* **Task brief**: Reproduce only this stretch of the listing below: from the line with "AKKU-KING Akku kompatibel" through the line with "Gesetzblatt (GBl.) der", exactly as written, with pictures excluded.

Start of Material for this task

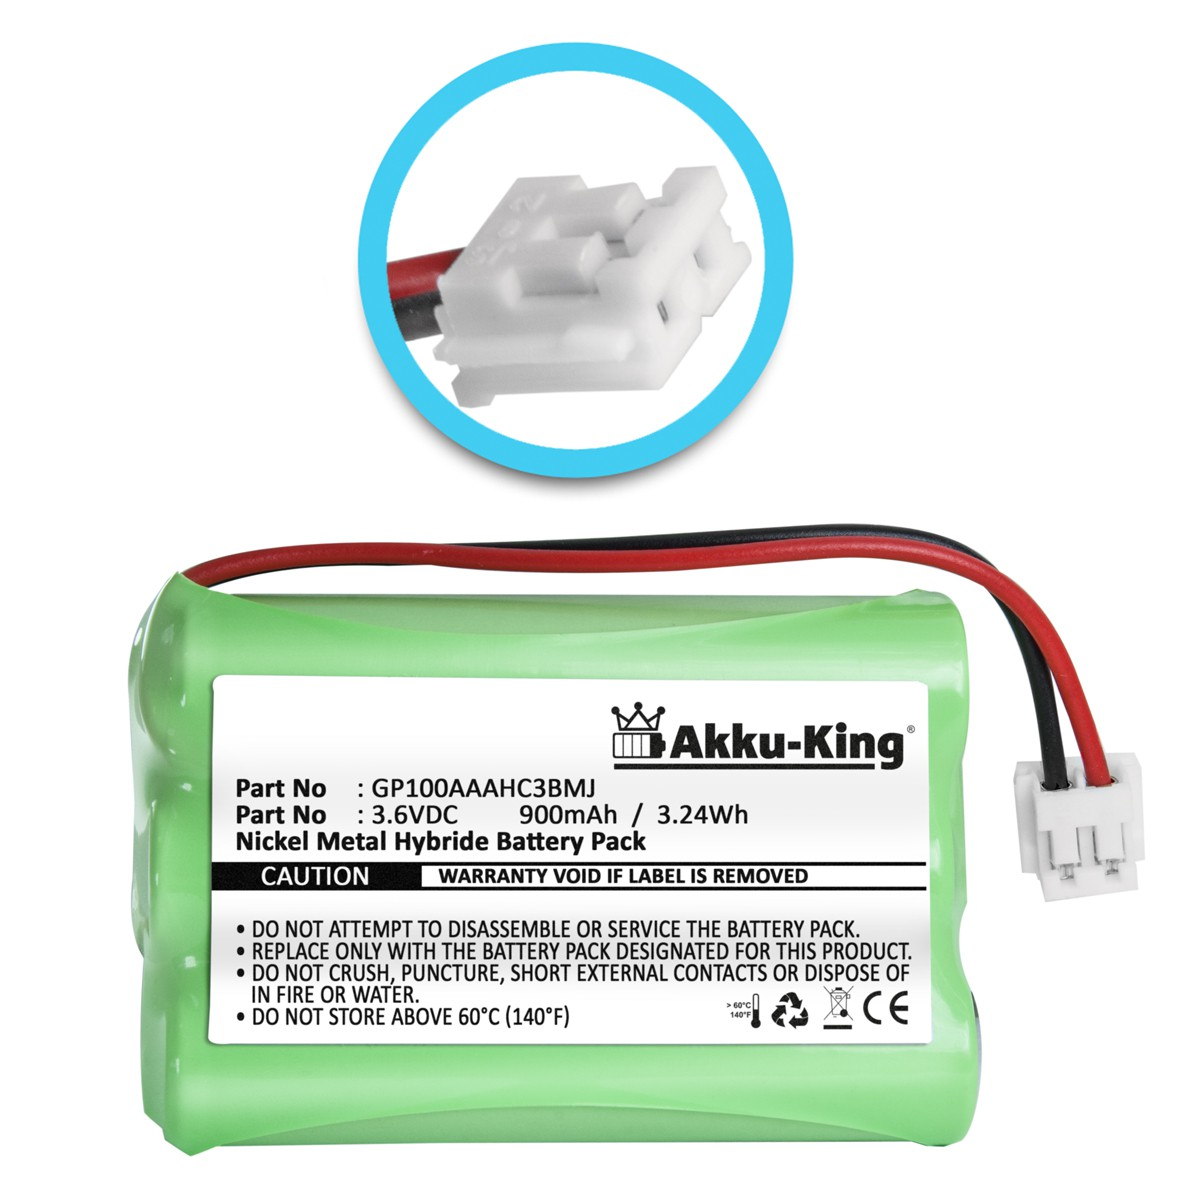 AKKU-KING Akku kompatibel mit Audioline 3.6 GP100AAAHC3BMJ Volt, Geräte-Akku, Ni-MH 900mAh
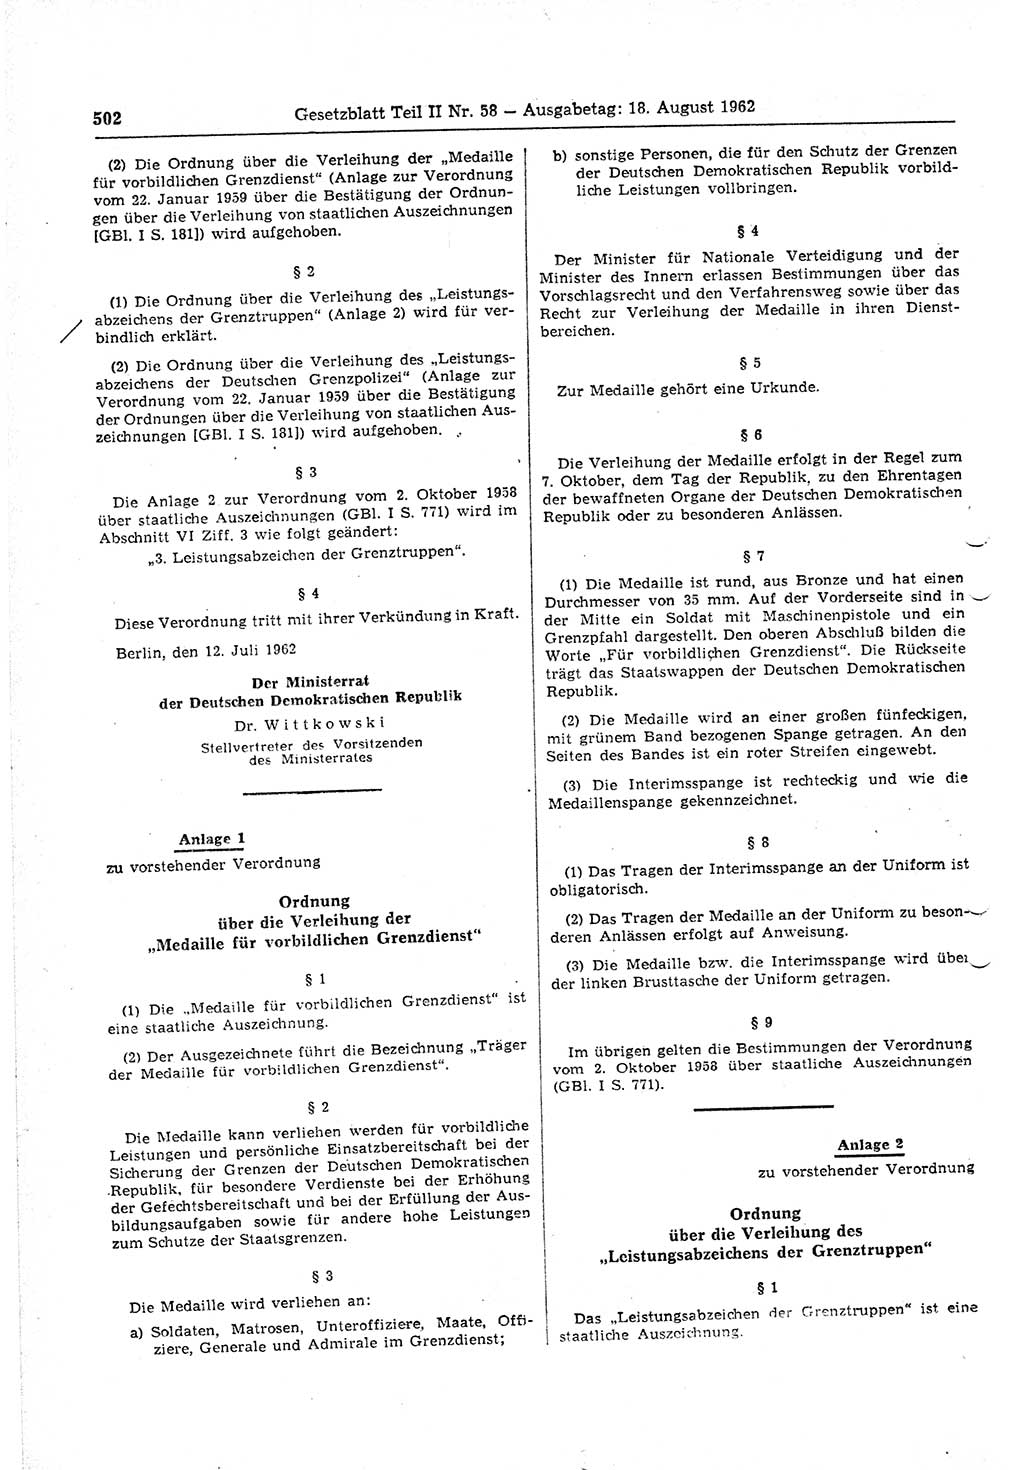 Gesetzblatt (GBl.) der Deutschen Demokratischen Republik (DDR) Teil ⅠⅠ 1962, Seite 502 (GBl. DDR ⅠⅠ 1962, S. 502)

End of Material for this task
Start of Material for this task

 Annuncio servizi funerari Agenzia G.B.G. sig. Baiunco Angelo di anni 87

End of Material for this task
Start of Material for this task

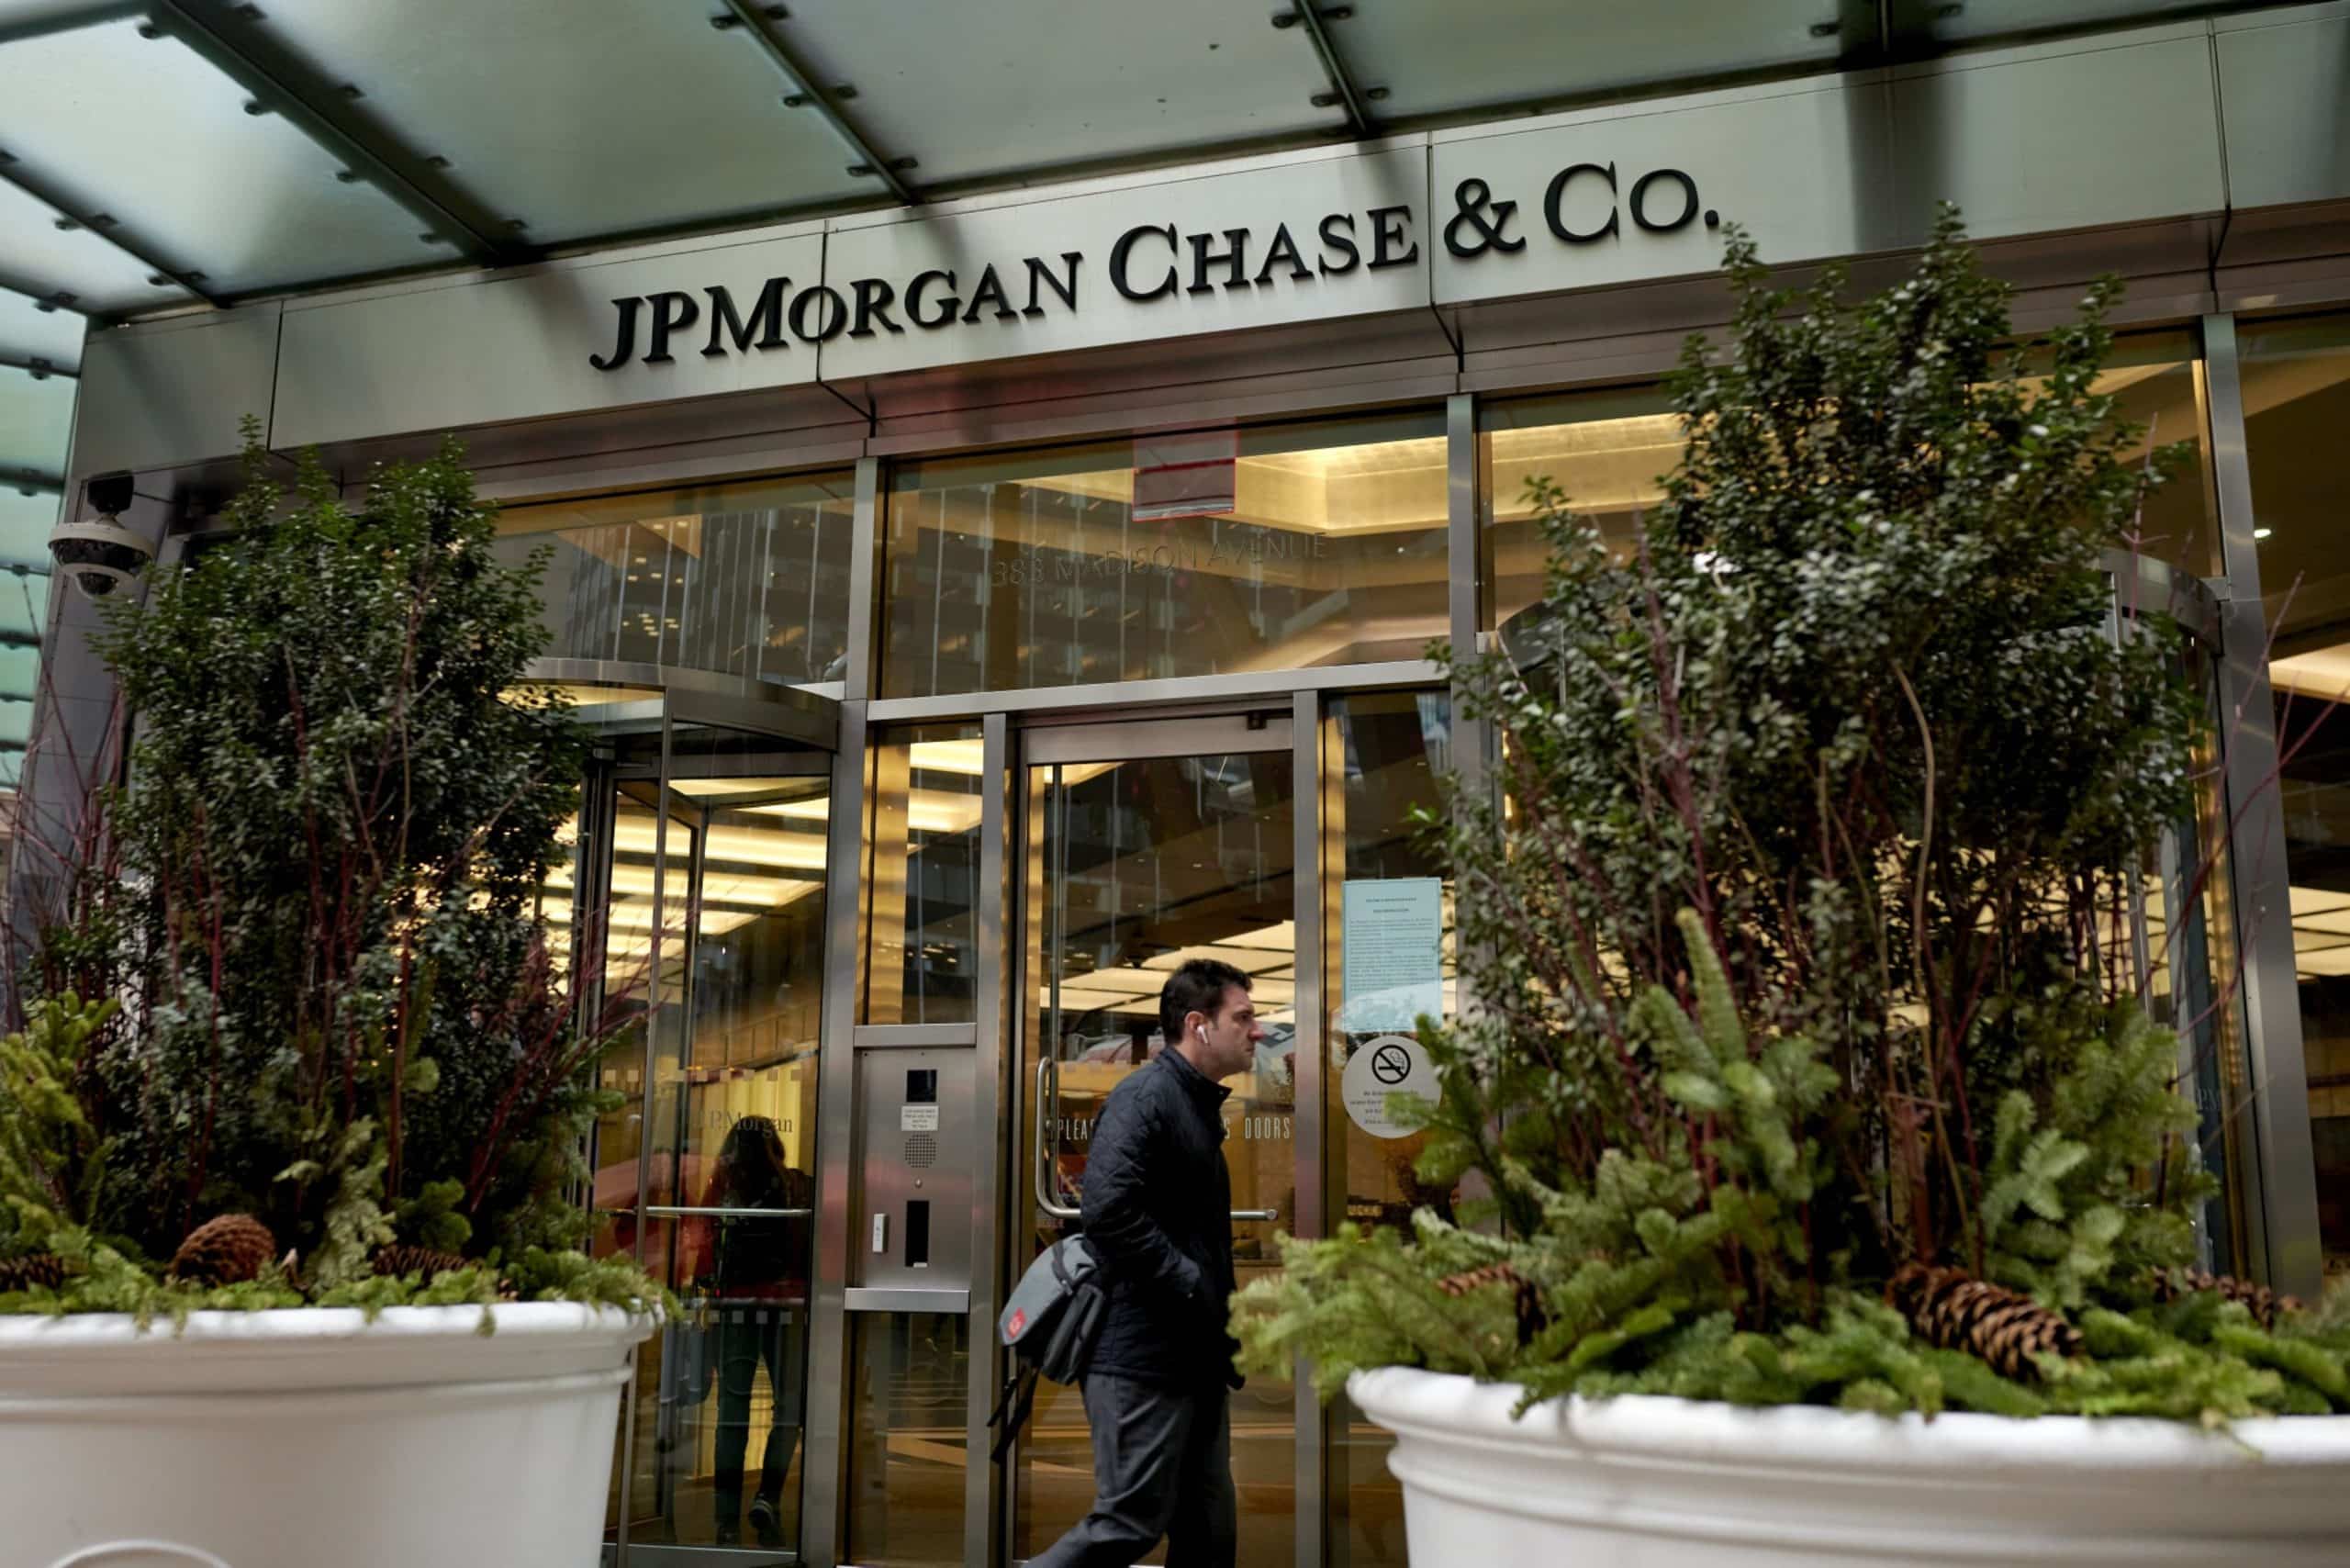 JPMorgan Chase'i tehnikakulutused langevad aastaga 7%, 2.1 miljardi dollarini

End of Material for this task

* **Written solution**:
 AKKU-KING Akku kompatibel mit Audioline 3.6 GP100AAAHC3BMJ Volt, Geräte-Akku, Ni-MH 900mAh
 Gesetzblatt (GBl.) der Deutschen Demokratischen Republik (DDR) Teil ⅠⅠ 1962, Seite 502 (GBl. DDR ⅠⅠ 1962, S. 502)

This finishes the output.